August 6, 2013 at 5:50 am
Hi,
Pl. suggested me, how to resolve this issuse? In select statment sub-tree DISTINCT cost is 79%. as per atttached actual exec.plan. Is it possible wirtting query alternative ways?
UPDATE CSV_Details_MainFile
SET Mark_Rev_No = (CASE
WHEN (SELECT COUNT(mark_rev_no) as mark_rev_no
FROM CSV_Details_MainFile H1
WHERE H1.GA_Drg_NO = CSV_Details_MainFile.GA_Drg_NO
AND H1.Mark_No = CSV_Details_MainFile.Mark_No) != 0
THEN
(SELECT ISNULL(mark_rev_no,0) AS mark_rev_no FROM CSV_Details_MainFile H1
WHERE H1.GA_Drg_NO = CSV_Details_MainFile.GA_Drg_NO
and H1.Rev_NO = CSV_Details_MainFile.Rev_NO
AND H1.Mark_No = CSV_Details_MainFile.Mark_No
and DeleteFlag='1'
GROUP BY H1.GA_Drg_NO,H1.Mark_No ,H1.mark_rev_no)
ELSE
'1'
END)
WHERE CSV_Details_MainFile.GA_Drg_NO='C63-GPE105-499-005' AND Rev_NO = '1' AND
CSV_Details_MainFile.Mark_No in (SELECT DISTINCT Mark_No FROM CSV_Details_MainFile
WHERE GA_Drg_NO = 'C63-GPE105-499-005' AND Rev_NO ='1' and DeleteFlag is null)
Thanks
ananda
August 6, 2013 at 6:24 am
Yes of course, but folks will need a sample data script and a decent description of what the query is supposed to do.
For fast, accurate and documented assistance in answering your questions, please read this article.
Understanding and using APPLY, (I) and (II) Paul White
Hidden RBAR: Triangular Joins / The "Numbers" or "Tally" Table: What it is and how it replaces a loop Jeff Moden
August 6, 2013 at 6:33 am
ok.. I will update you once getting from Dev.Team for the all details..
thanks
ananda
August 6, 2013 at 6:39 am
Is that 79% cost of the DISTINCT a problem?
Gail Shaw
Microsoft Certified Master: SQL Server, MVP, M.Sc (Comp Sci)
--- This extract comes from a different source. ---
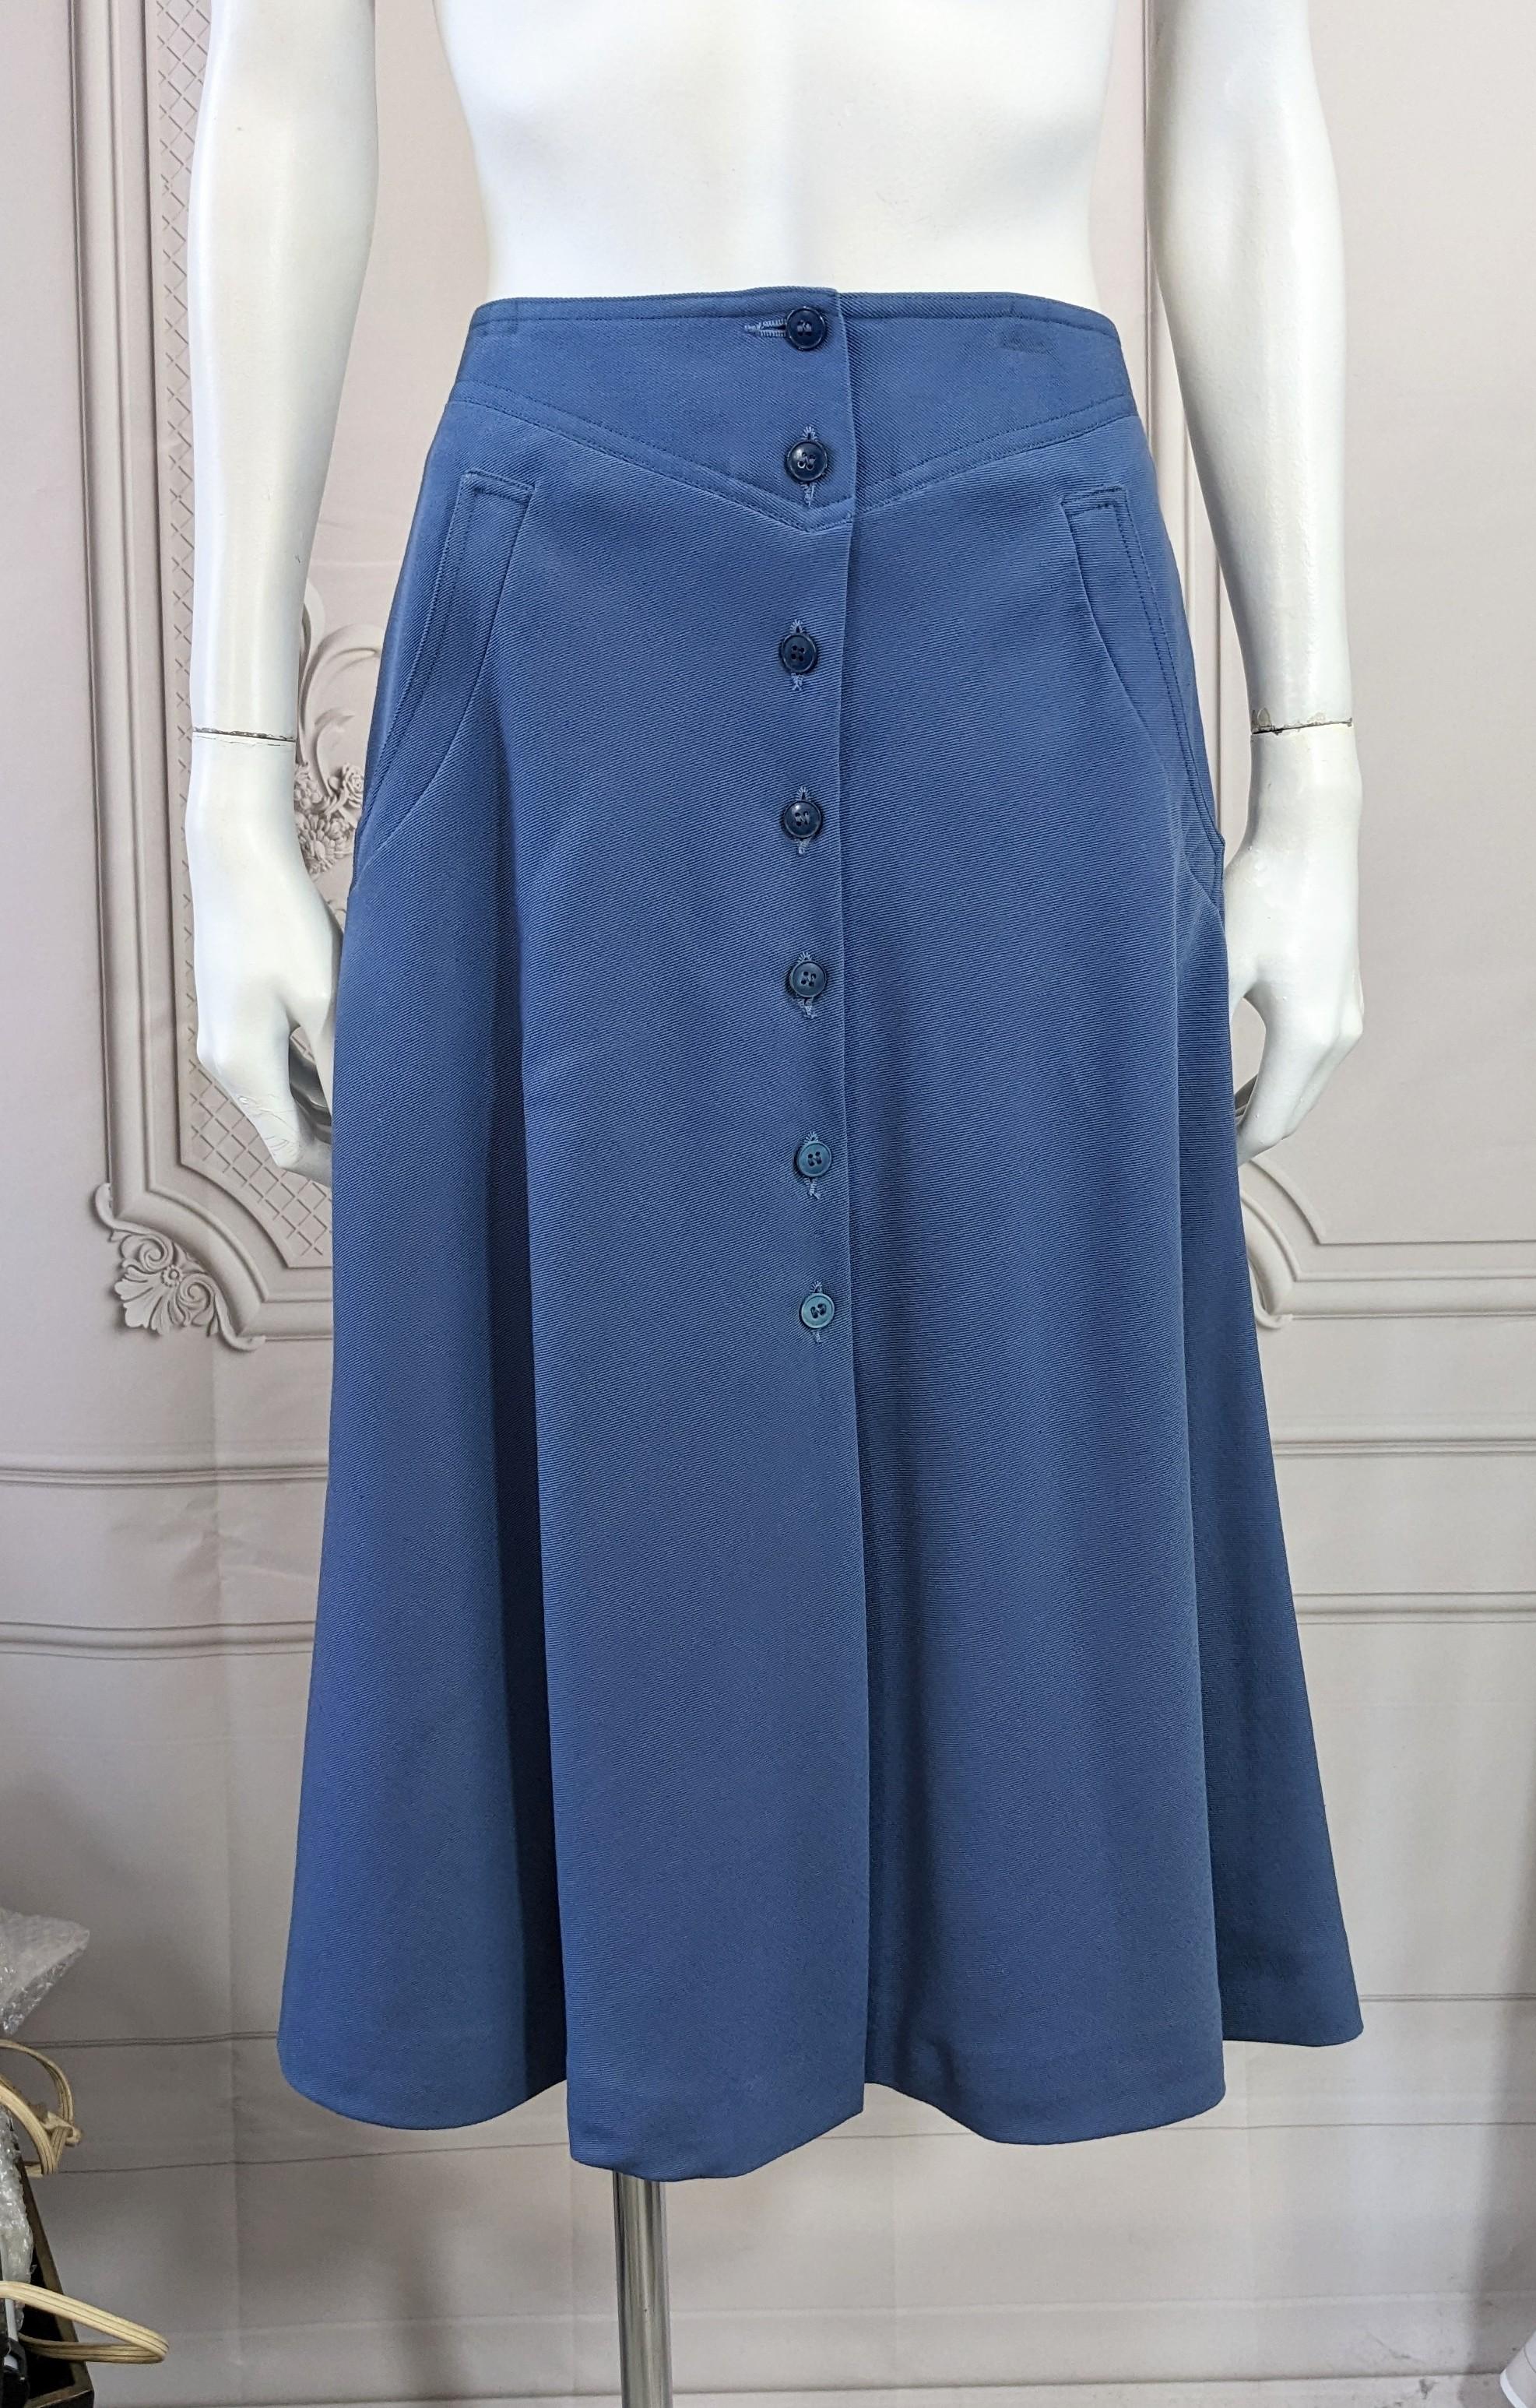 Cacharel Wool Twill A line Skirt with button front closures. Soft wool twill in a full A line shape with unusual curved pockets. Vintage size 10, Modern 0-2. Waist 26

SQL In The Wild: Discussions on DB performance with occasional diversions into recoverability
August 6, 2013 at 7:17 am
You are using the Distinct in a sub-select in the where clause using IN, why use distinct at all? Whether you have 1 record that matches or 100 records it won't cause dupicates because it is just checking the "IN" and not a join.
August 6, 2013 at 7:28 am
Sarah Wagner (8/6/2013)
You are using the Distinct in a sub-select in the where clause using IN, why use distinct at all? Whether you have 1 record that matches or 100 records it won't cause dupicates because it is just checking the "IN" and not a join.
The optimiser's smart enough to ignore distincts in an IN subquery. If removing duplicate rows is required, the optimiser will put in some distinct operation, if not it won't. That's regardless of what is specified in the query.
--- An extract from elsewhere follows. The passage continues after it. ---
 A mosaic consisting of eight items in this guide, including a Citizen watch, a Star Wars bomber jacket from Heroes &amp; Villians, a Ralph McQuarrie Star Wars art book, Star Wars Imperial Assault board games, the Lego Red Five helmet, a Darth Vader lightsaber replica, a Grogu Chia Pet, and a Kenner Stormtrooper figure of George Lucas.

http://sqlinthewild.co.za/index.php/2011/01/18/distincting-an-in-subquery/
Gail Shaw
Microsoft Certified Master: SQL Server, MVP, M.Sc (Comp Sci)
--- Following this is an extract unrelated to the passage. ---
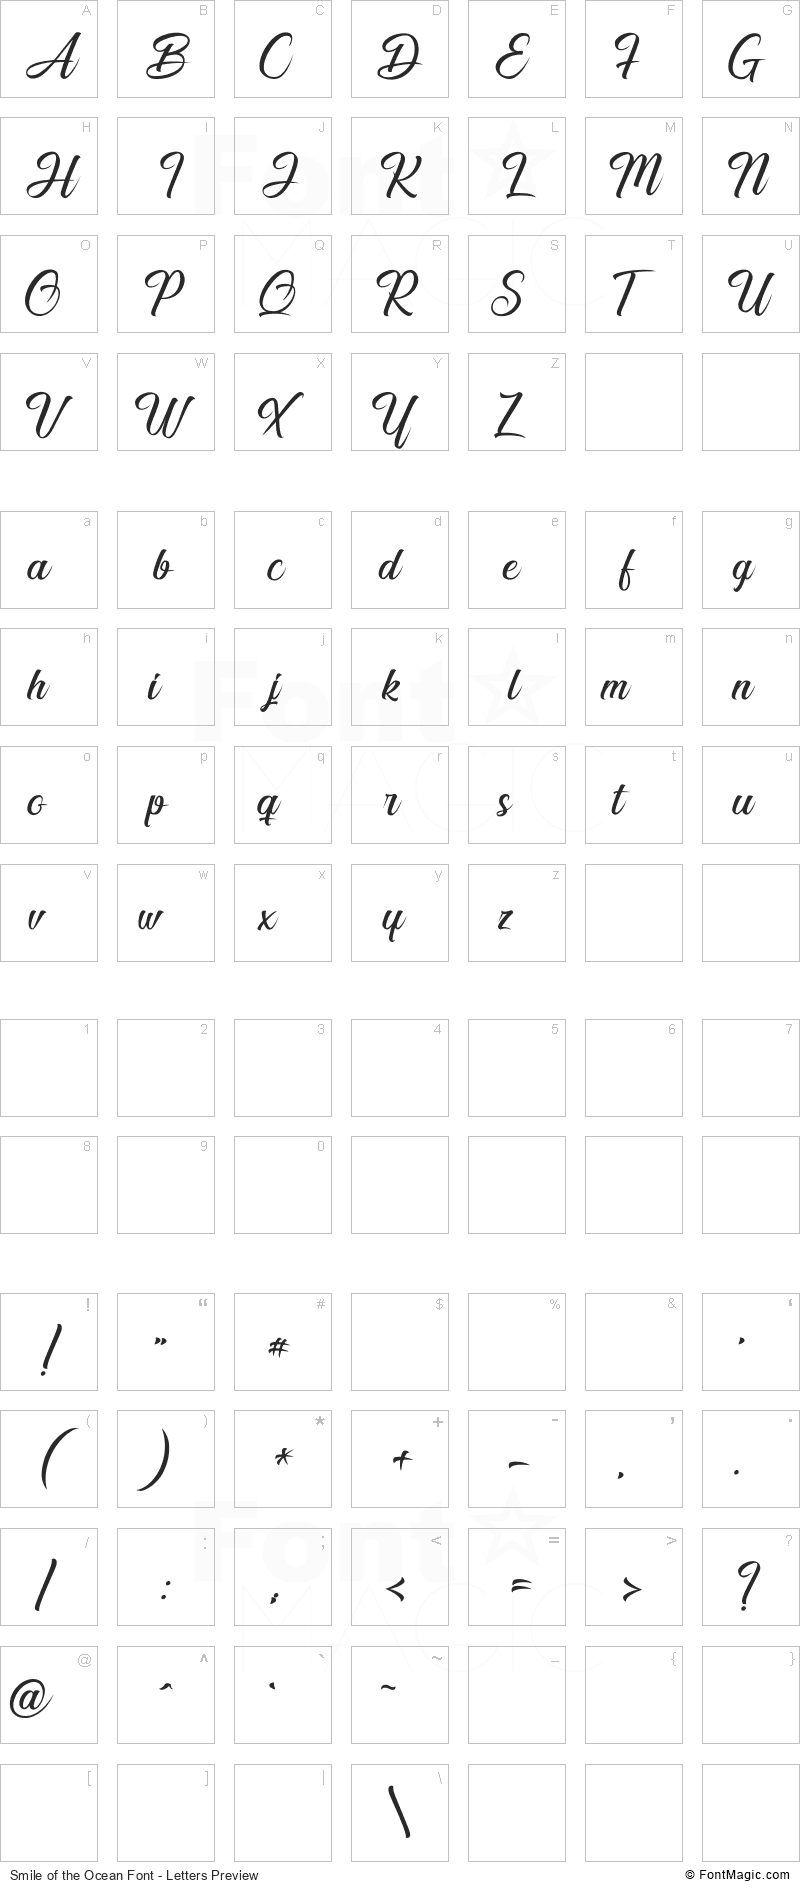 Smile of the Ocean Font - All Latters Preview Chart

SQL In The Wild: Discussions on DB performance with occasional diversions into recoverability
August 6, 2013 at 7:44 am
When you display execution plan in SSMS, does it suggest any new index?
From what I see, it could at least use an index on Mark_No, but query plan analyzer may suggest a better composite index.
"Do not seek to follow in the footsteps of the wise. Instead, seek what they sought." - Matsuo Basho
August 6, 2013 at 9:26 am
ananda.murugesan (8/6/2013)
ok.. I will update you once getting from Dev.Team for the all details..thanks
ananda
Here's a guess at the business logic:
Where a set, partitioned on GA_Drg_NO, Rev_NO and Mark_No,
contains at least one row where DeleteFlag IS NULL and at least one row where DeleteFlag = '1',
pick the value of mark_rev_no from a row where DeleteFlag = '1'
and apply it to all rows of the set.
Can you confirm if this is correct or not and correct it if it it isn't?
For fast, accurate and documented assistance in answering your questions, please read this article.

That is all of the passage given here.